Data Sufficiency

I was just working my way through the DS questions in the 2nd Edition Quant Review but I can´t wrap my head around the answer explanation of DS Question Number 107.
It would take too long to write down the whole answer explanation but maybe someone of you has the book and could explain the solution to me in other words?
Thanks a lot in advance!

The sequence s1, s2, s3,.....sn,...is such that Sn= (1/n) - (1/(n+1)) for all integers n>=1. If k is a positive integer, is the sum of the first k terms of the sequence greater than 9/10?

1) k > 10
2) k < 19

WRITE IT OUT UNTIL YOU SEE A PATTERN.

S(1) = 1 - 1/2
S(2) = 1/2 - 1/3
S(3) = 1/3 - 1/4
etc.

Sum of the first 3 terms:
S(1) + S(2) + S(3) = (1 - 1/2) + (1/2 - 1/3) + (1/3 - 1/4) = 1 - 1/4 = 3/4.

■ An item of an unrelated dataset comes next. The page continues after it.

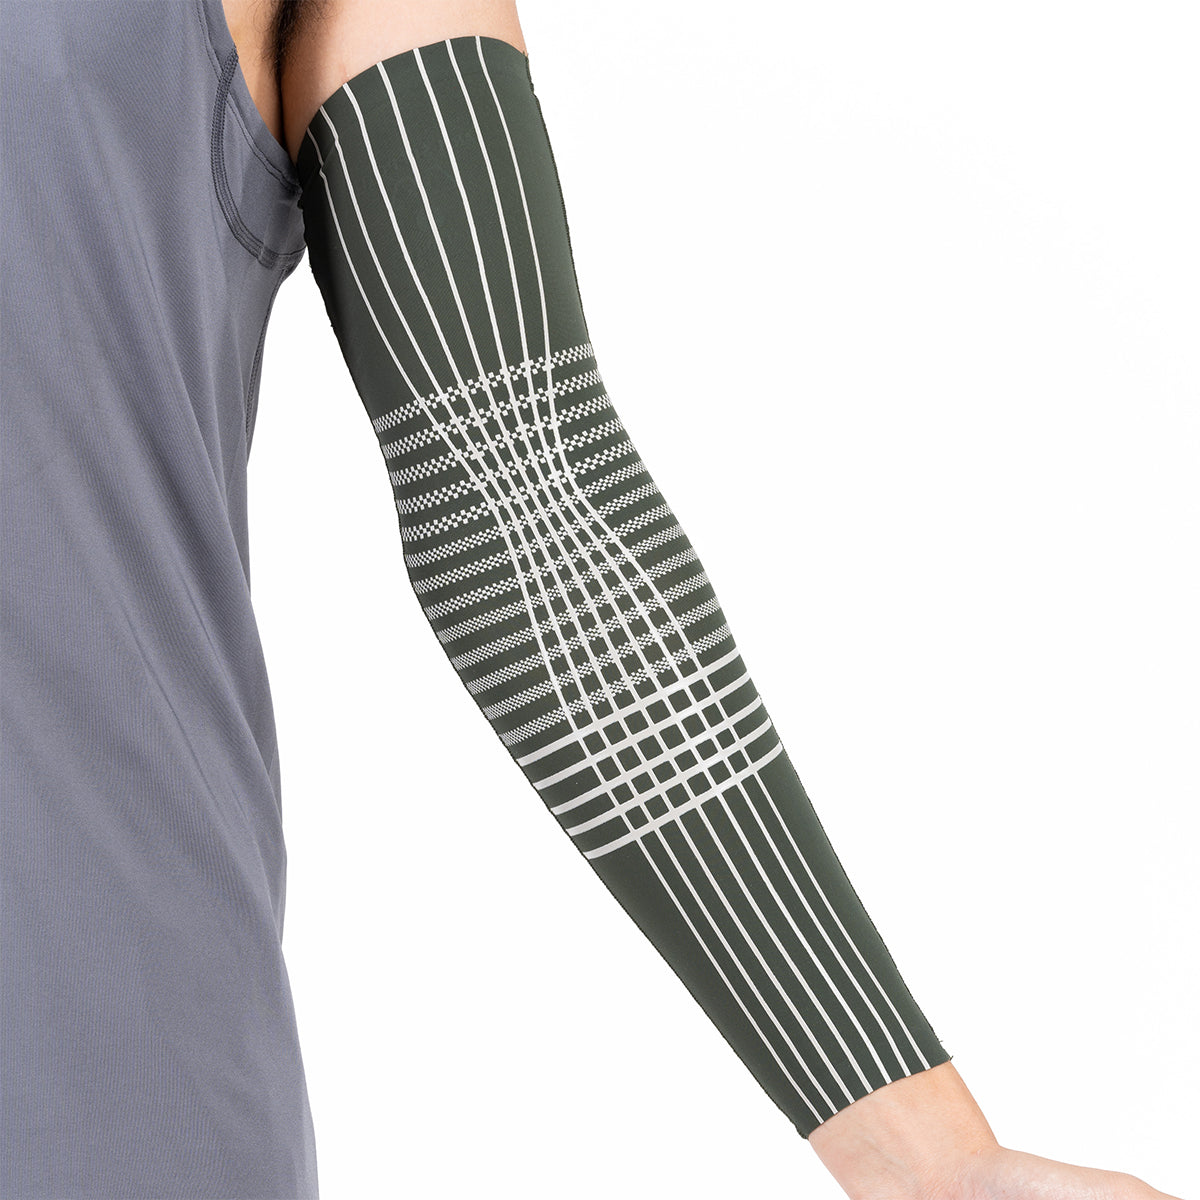 Why Train with Compression Arm Sleeves  PRO Compression –

When the terms are added, every value except the first and the last CANCELS out.
The result is that, when n=3, the sum = n/(n+1) = 3/4.
Thus, when n=k, we can DEDUCE that the sum = k/(k+1).

Question rephrased: Is k/(k+1) > 9/10?

Statement 1: k>10.
If k=11, then the sum = k/(k+1) = 11/12, which is GREATER than 9/10.
If k=12, then the sum = k/(k+1) = 12/13, which is GREATER than both 9/10 and the preceding sum, 11/12.

As k increases, so does the sum.
Since the LEAST possible sum here = 11/12, the sum will always be GREATER than 9/10.
SUFFICIENT.

Statement 2: k<19.
As shown in statement 1, if k=11, then the sum is GREATER than 9/10.
If k=1, then the sum = k/(k+1) = 1/2, which is LESS than 9/10.

Since the sum in the first case is GREATER than 9/10 and the sum in the second case is LESS than 9/10, INSUFFICIENT.

The correct answer is A.